#### The problem:
With pictures left out, output exactly the lines from the line holding "Beijing-noodles-1.jpeg" through the end of the data, both included.

#### Given data:
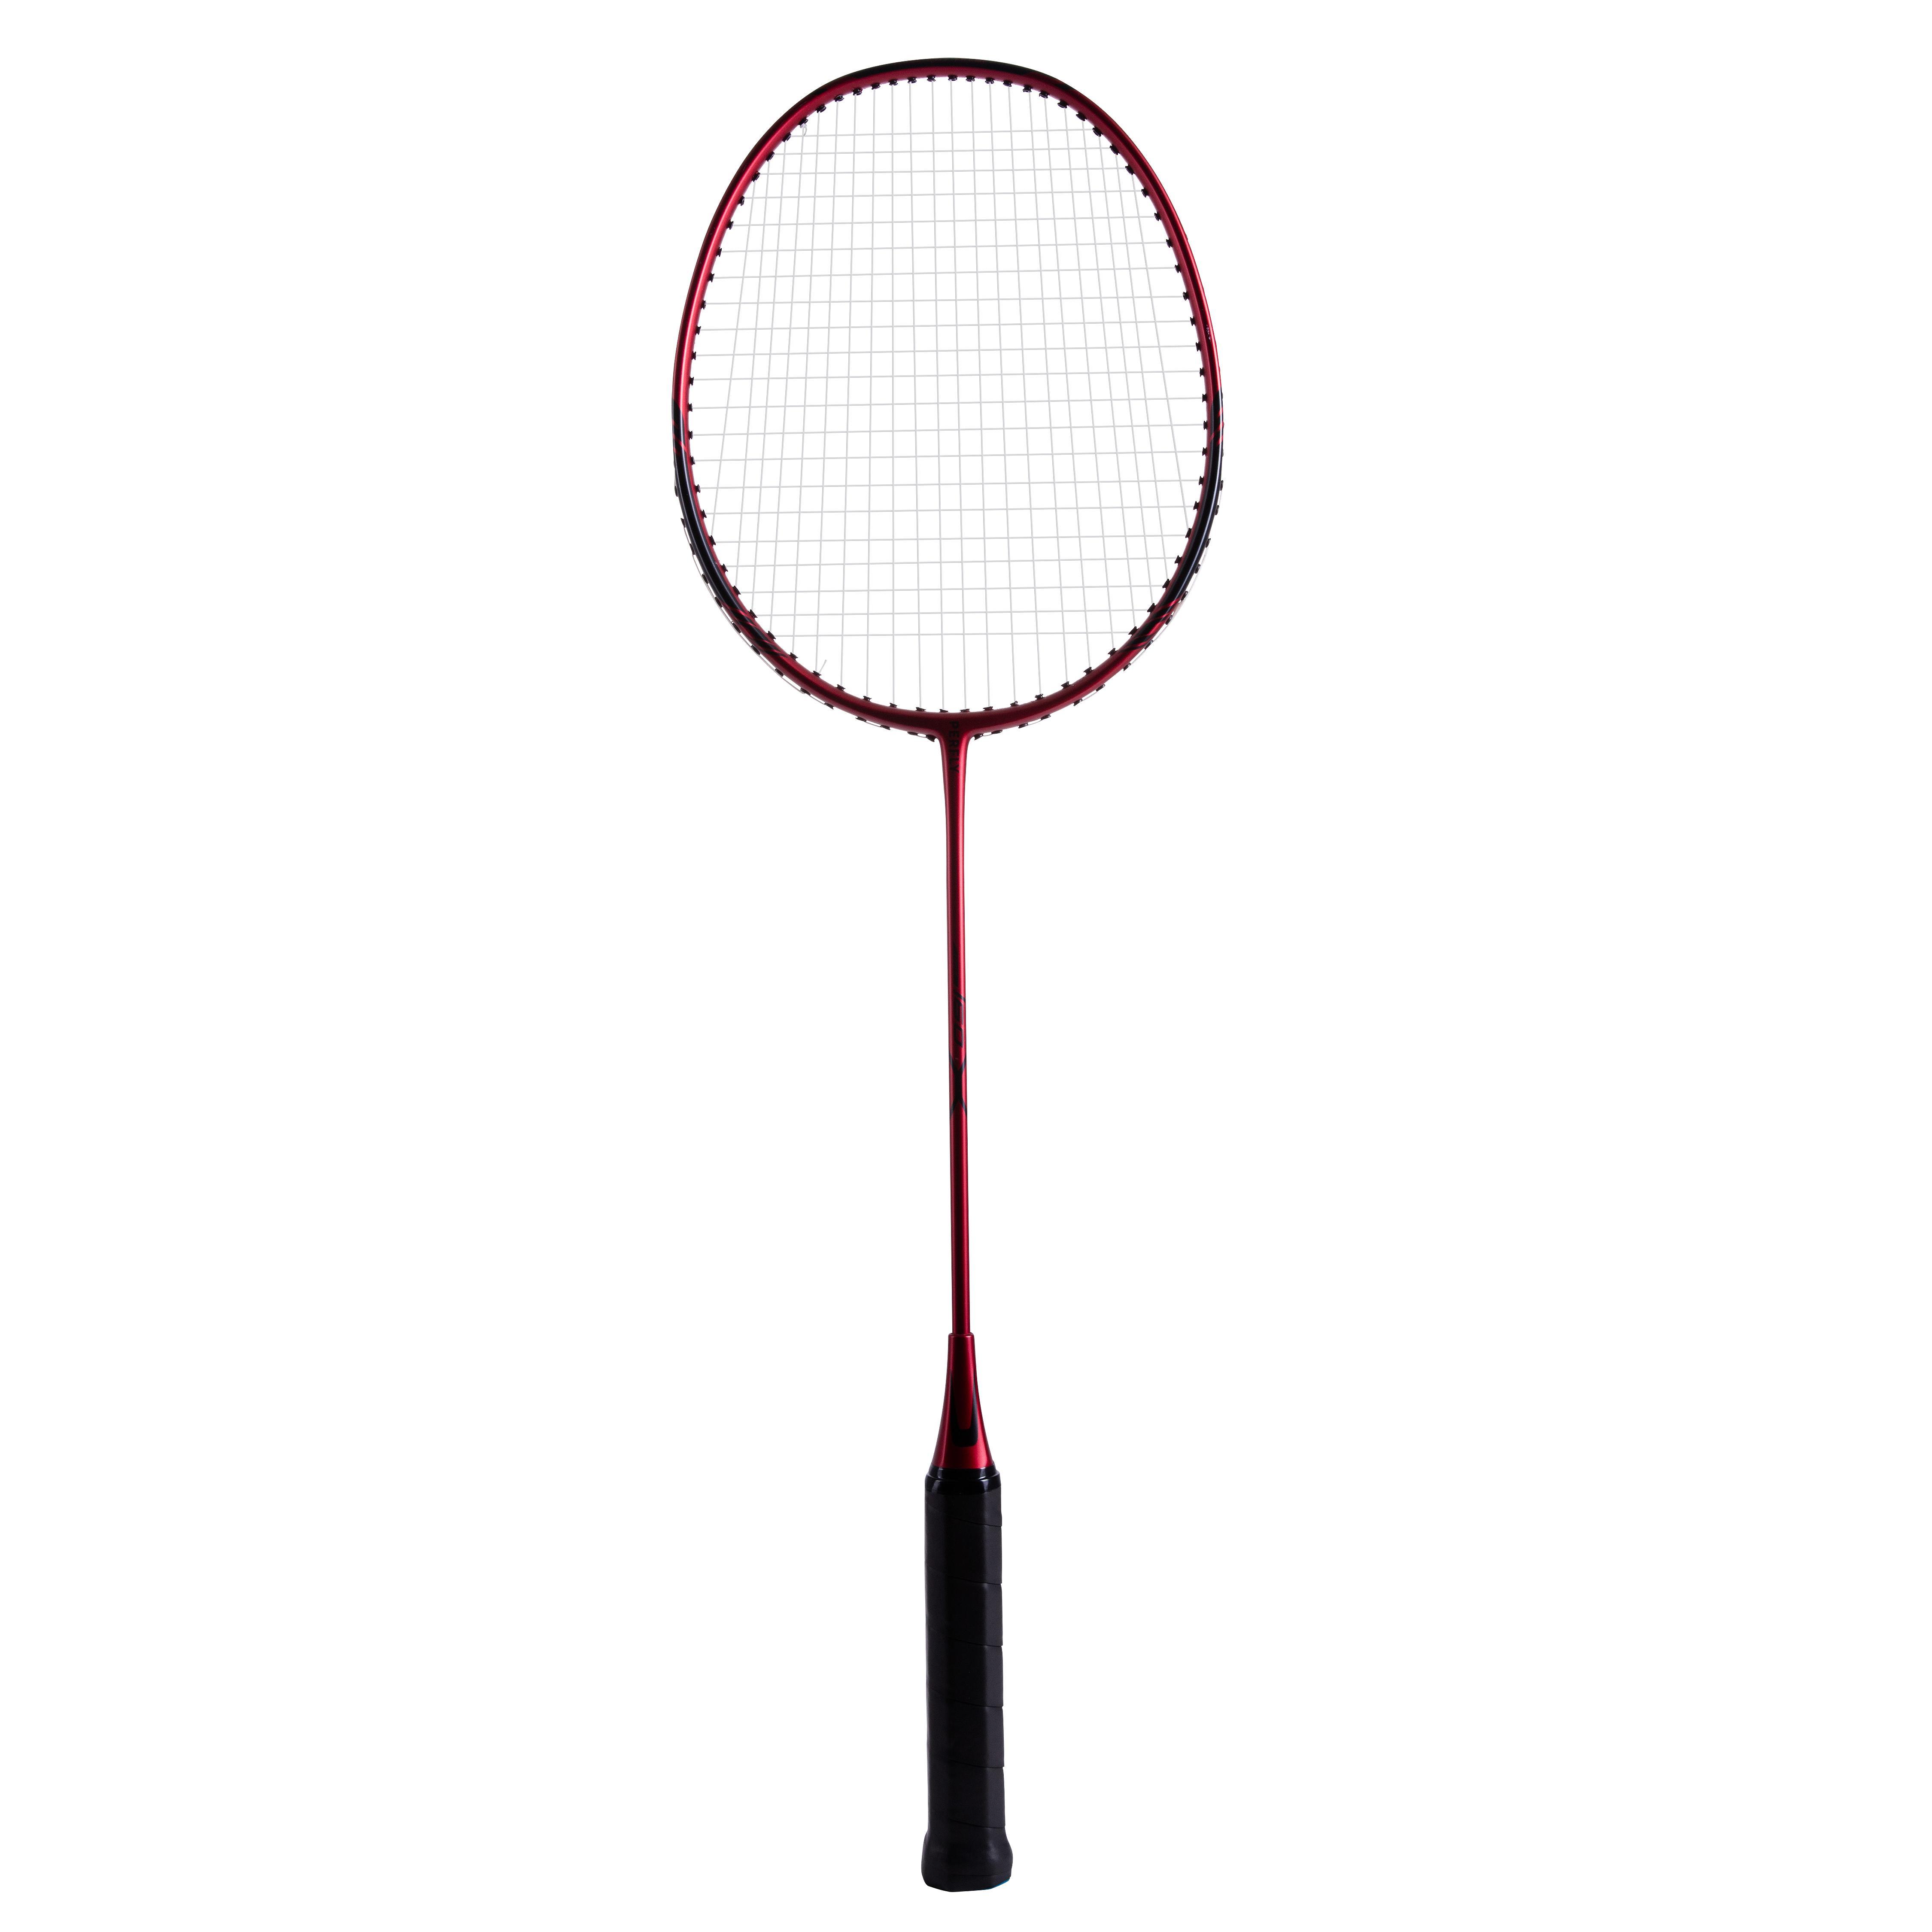 Perfly Badmintonracket BR160 voor volwassenen donkerrood kopen
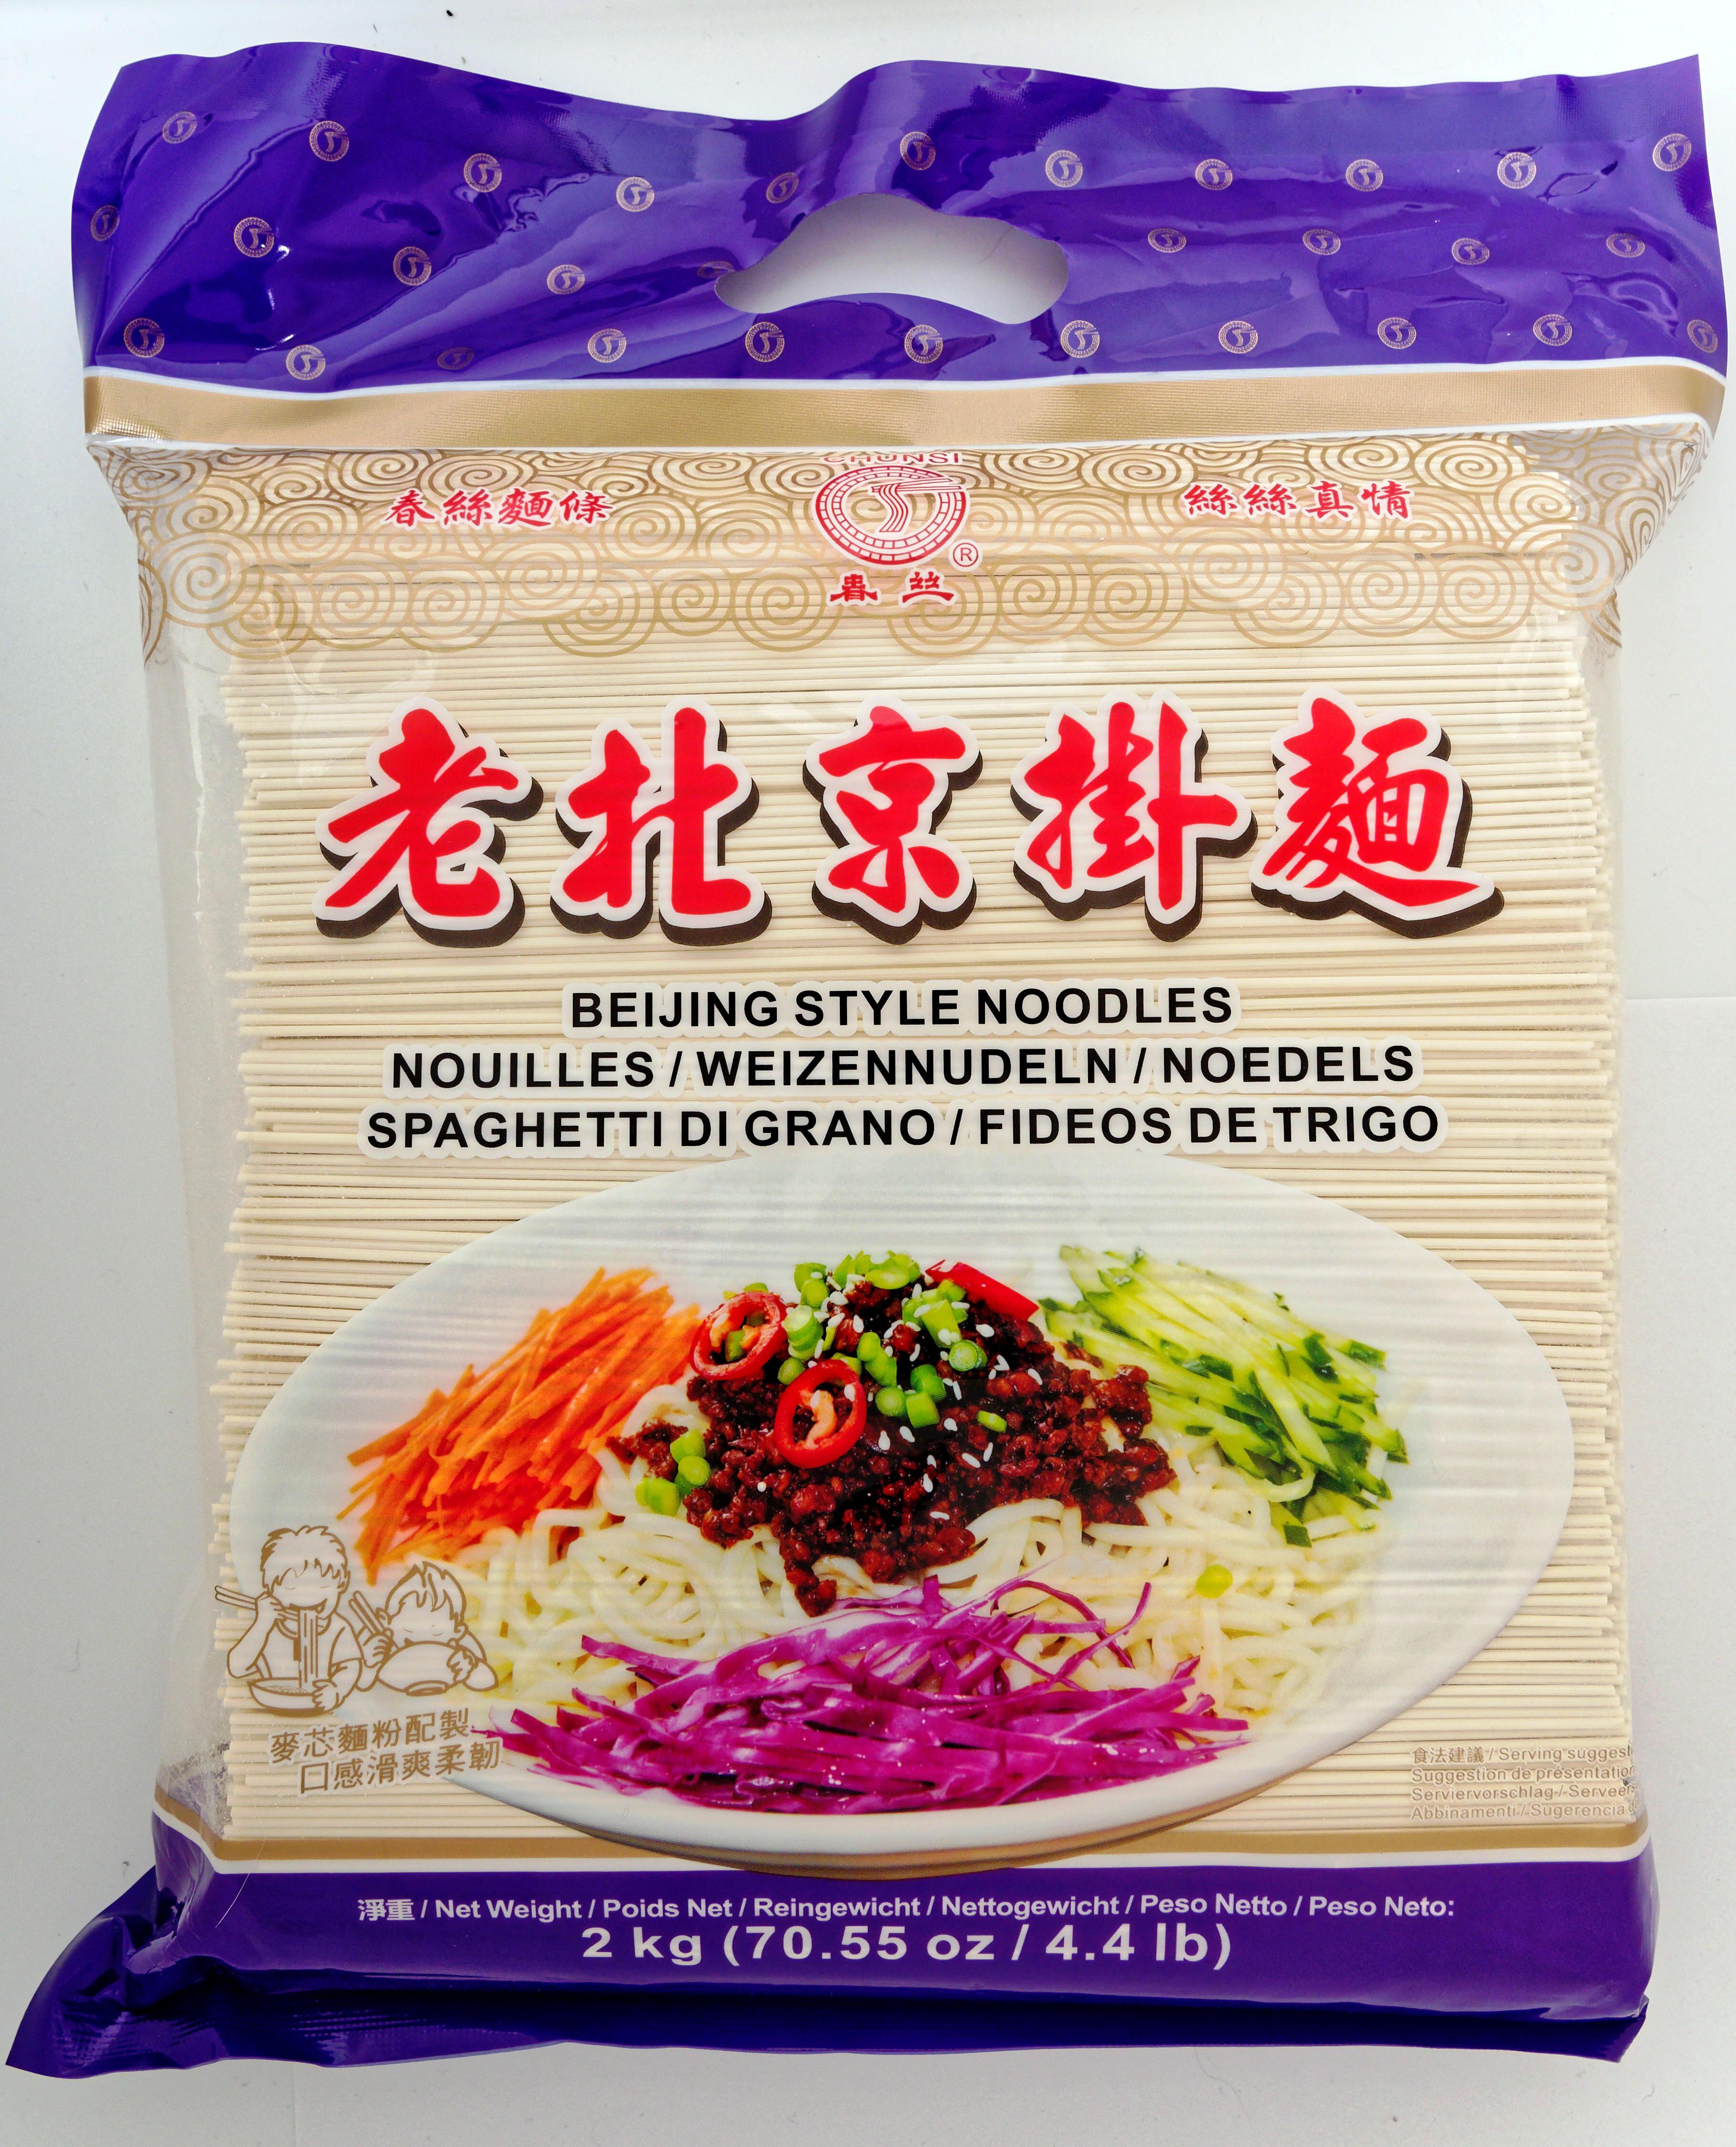 Beijing-noodles-1.jpeg
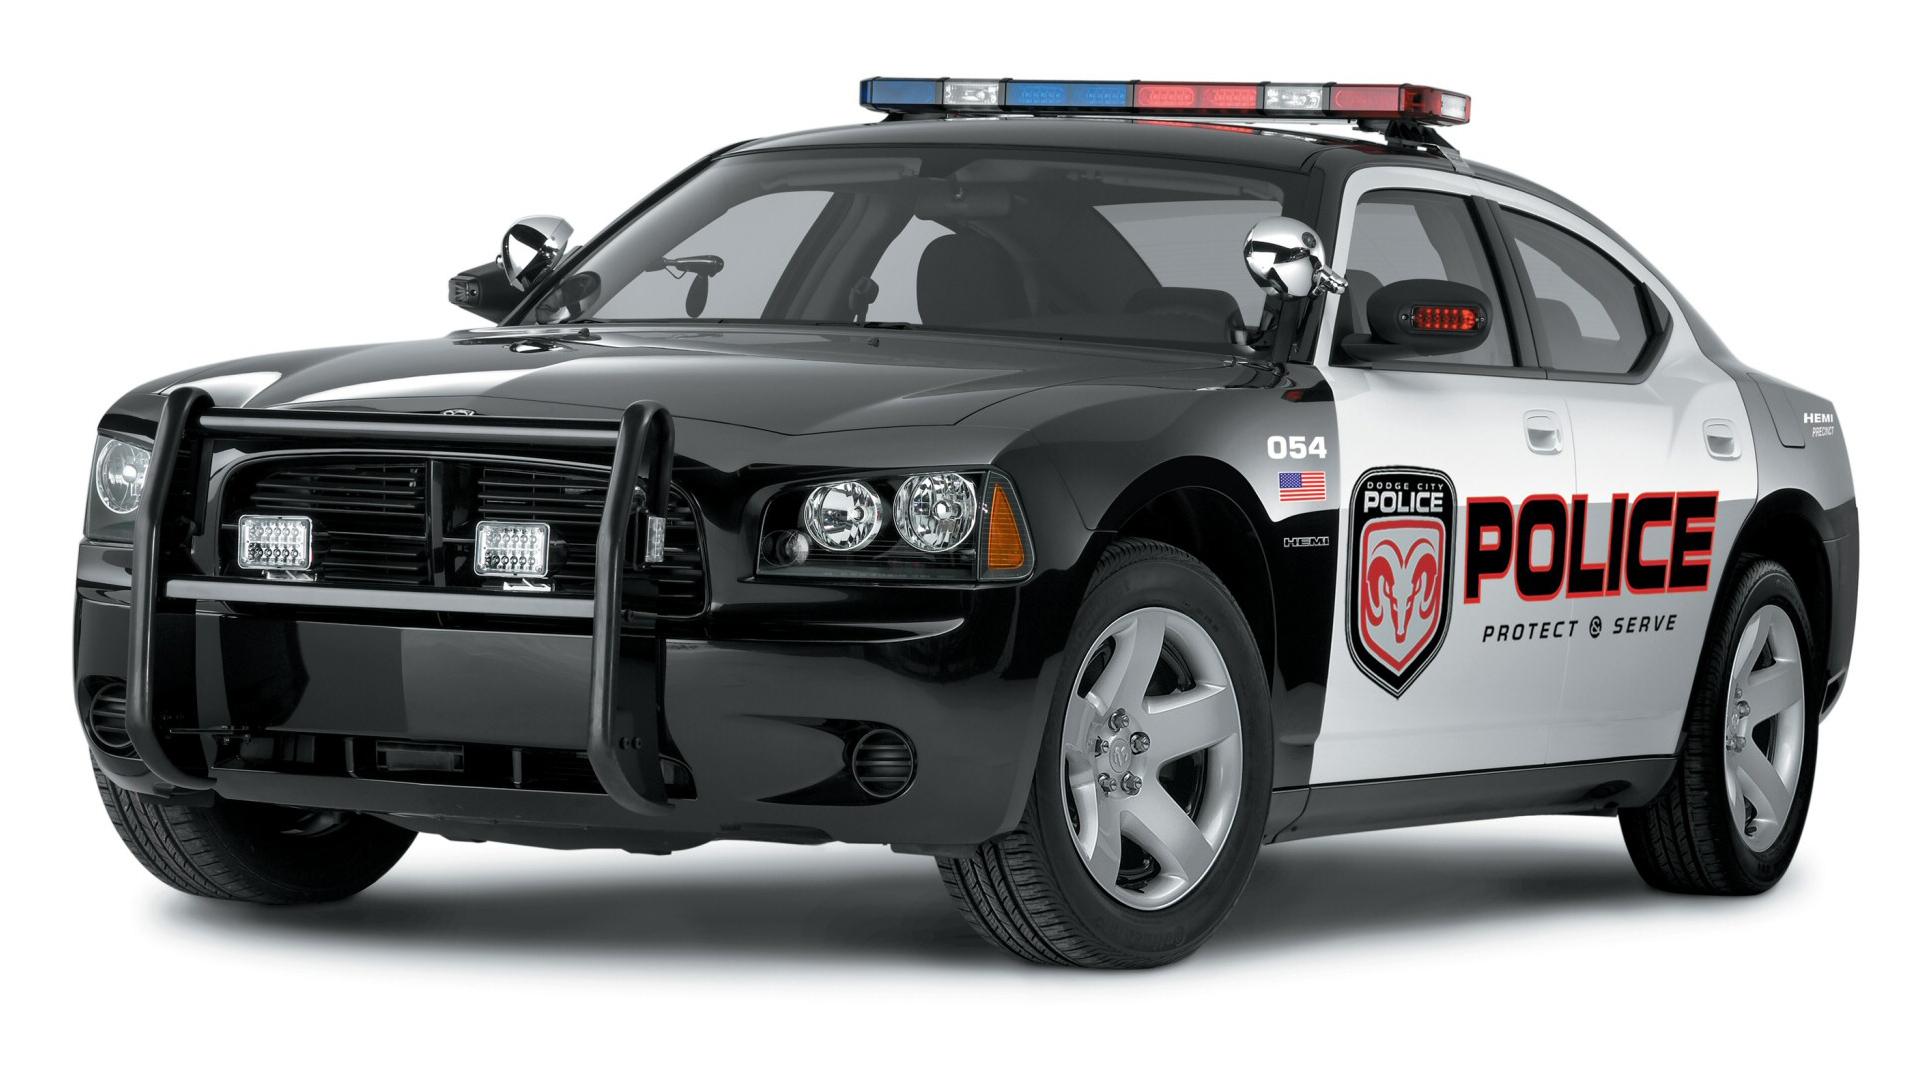 Обои Полицейская машина картинки Обои для рабочего стола Полицейская машина фото из альбома

#### Task answer:
 Beijing-noodles-1.jpeg
 Обои Полицейская машина картинки Обои для рабочего стола Полицейская машина фото из альбома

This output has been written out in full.